According to acoustic ecologist Gordon Hempton, there are only seven or eight naturally quiet places left in the United States; places where the sounds of nature are unbroken for intervals of at least 15 minutes during daylight hours. None exist in Europe anymore. But if you travel far enough, to remote corners of the Earth, and listen carefully enough, you can still find them.

The installation comprises four pieces of grey acoustic foam which are placed on the floor to create a symbol of the Earth. Through headphones, one can hear a binaural recording of a place in the Amazonian rainforest which, according to Hempton is probably the naturally quietest on Earth (i.e. free from any man-made sound). Participants can lie still, in physical contact with the ground and become immersed in this unusual moment of quiet. The whole body becomes an ear attuned to an acousmatic listening experience, where the sounds of nature can be appreciated as sonic objects, liberated from their mysterious sources.

Created in collaboration with Gordon Hempton, the work draws on a consideration of the radical changes which the human race is inflicting on its acoustic environment. Referring to Pythagoras’ philosophical and mathematical assumption that the universe is held together by the balance of a specific acoustic design - Guzzo’s research poses a question. What are the consequences of a significant alteration in the original relationship between man and the sounds of his environment?

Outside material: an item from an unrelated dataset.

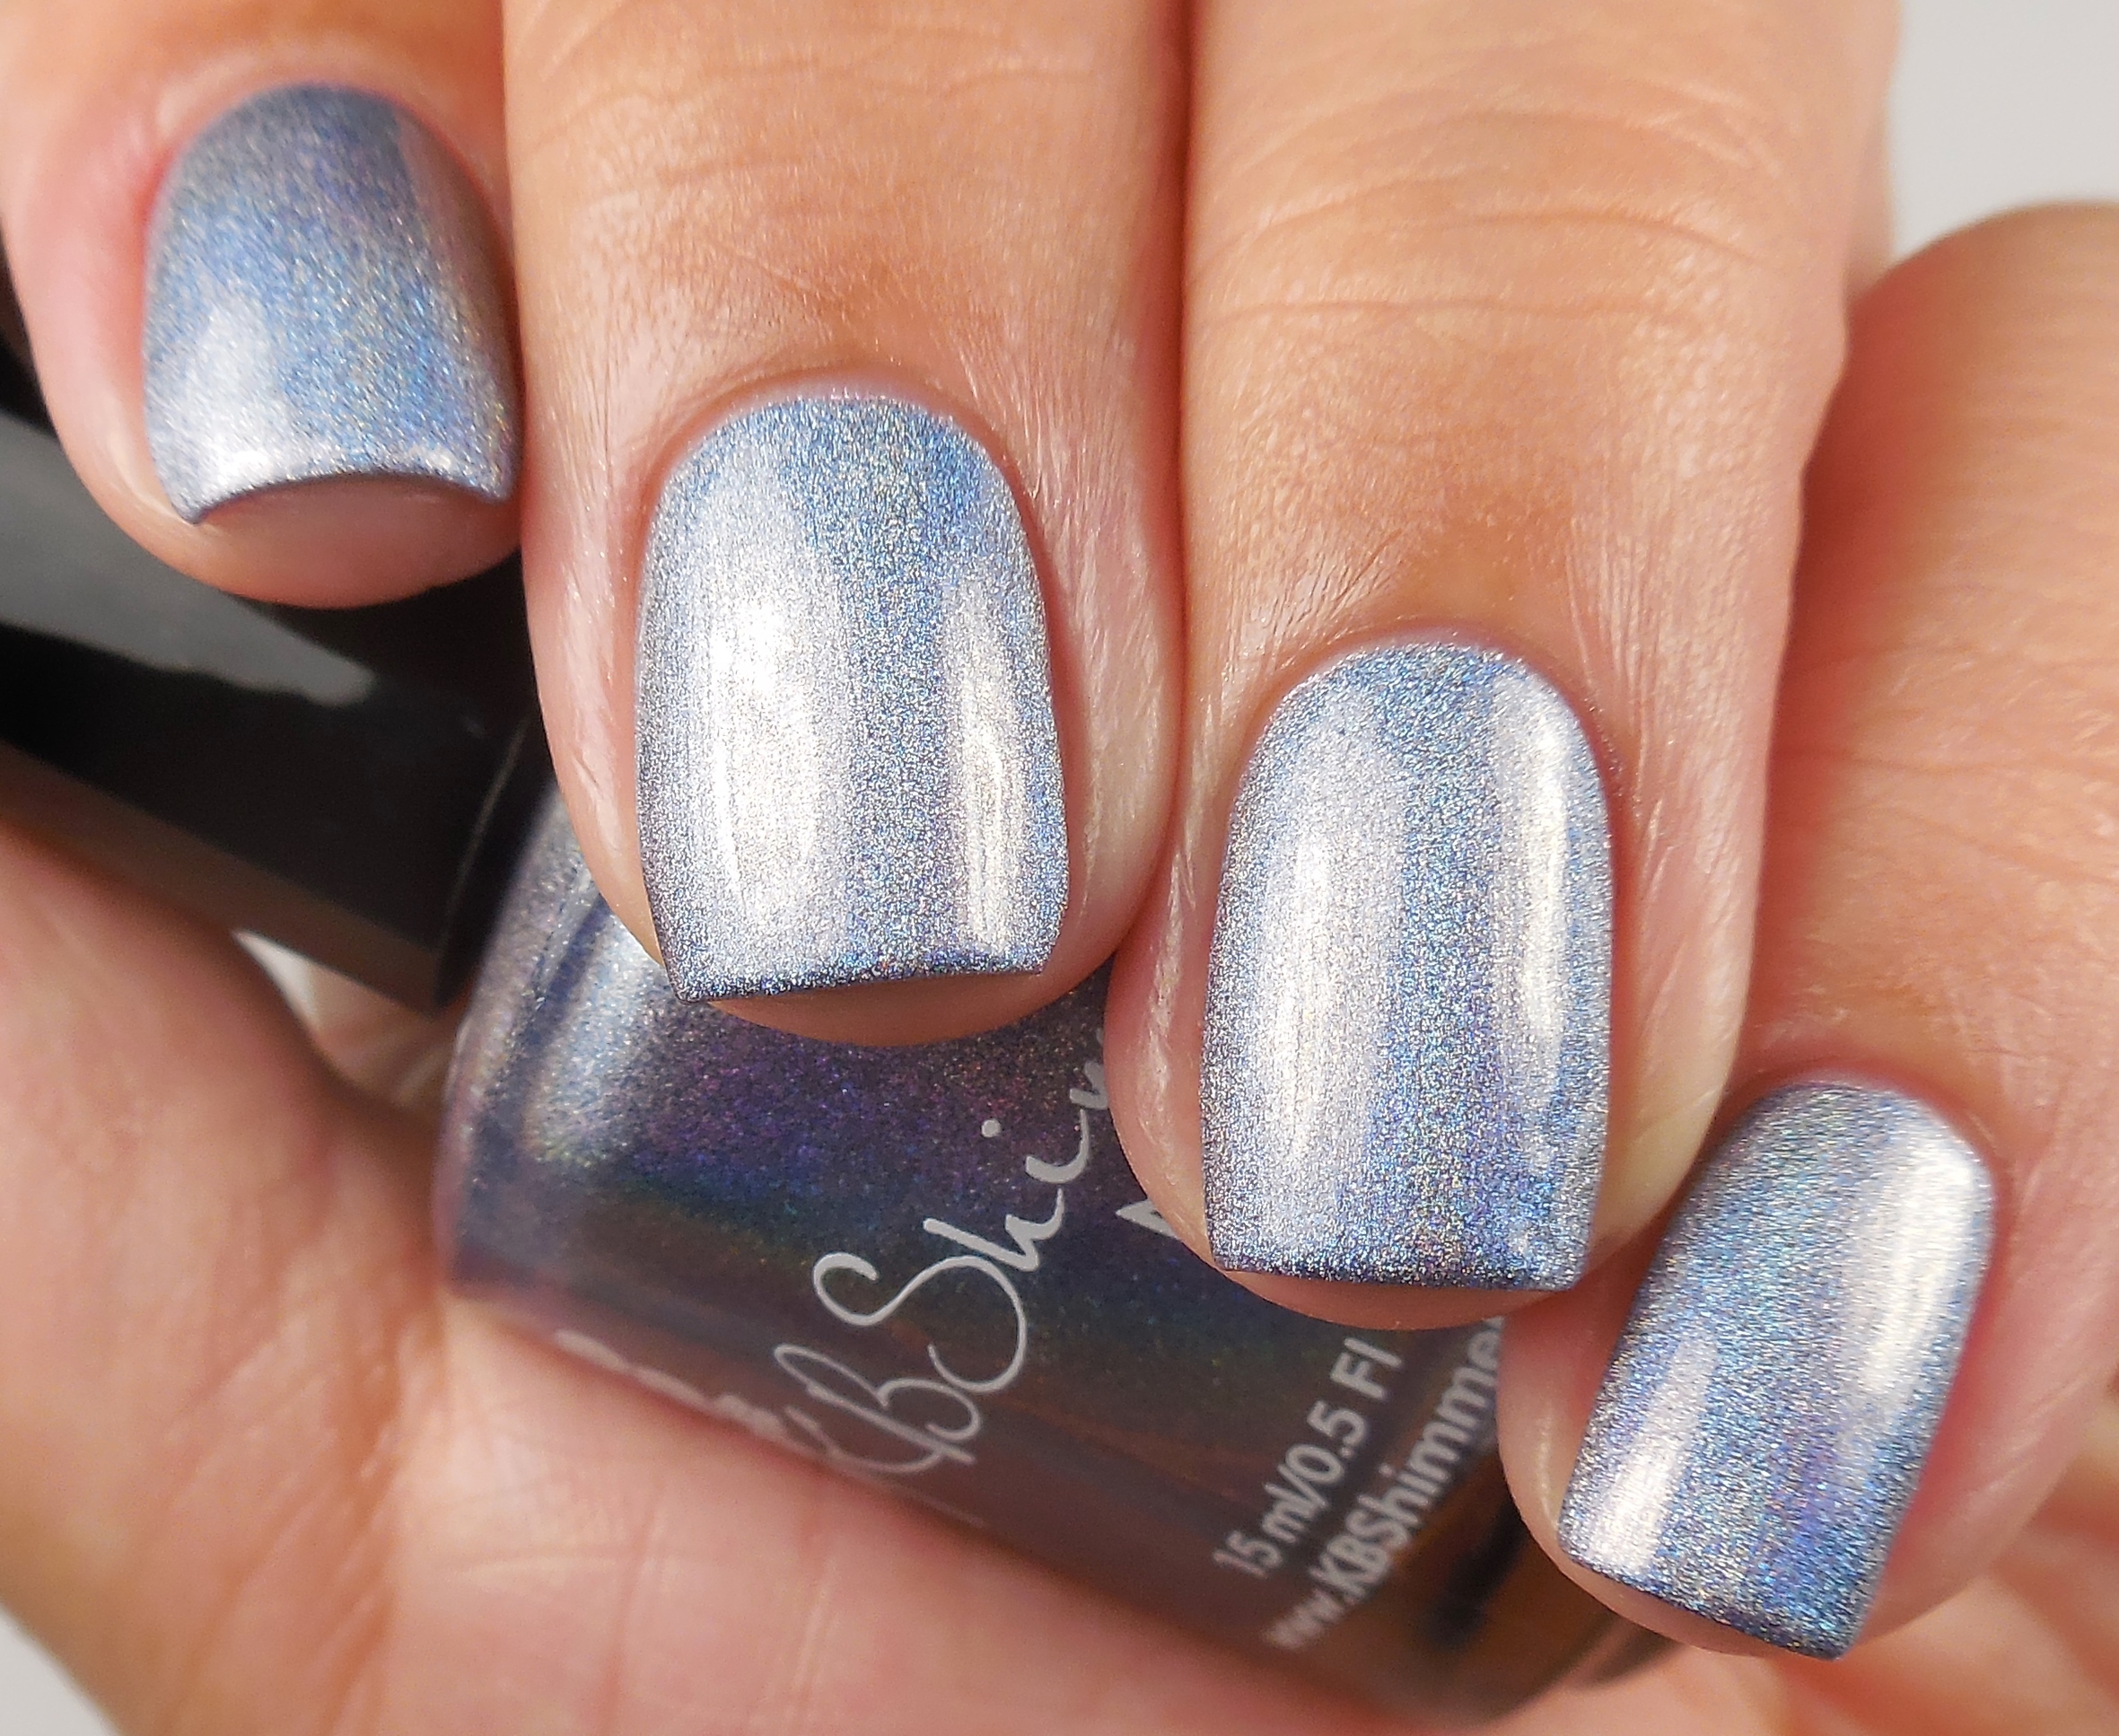 KBShimmer Purr-fectly Paw-some 1

An alteration that began with the industrial revolution….

The notion of ‘the quietest place on Earth’ thus becomes evidentiary of the relentless process of extinction, working to drown out the original ‘voice’ of our planet. 

This piece is a development of Guzzo’s ongoing research into the contemporary meaning of human nature and the tension between nature and culture. Linking together, art, philosophy, science and anthropology, Guzzo’s research focuses on aspects that relate to the effect of collective action upon the planet, upon humanity and upon the (inter-connected) individual subject.

The project has a direct thematic link with the idea of The Anthropocene – a new epoch in which humans have become a force of nature that is reshaping the planet on a geological scale, but at a far-faster than geological speed. The implications can be felt at a  social, cultural and economic level and this startling fact moves us to consider the impact of humanity’s collective actions on the planet and its/our future.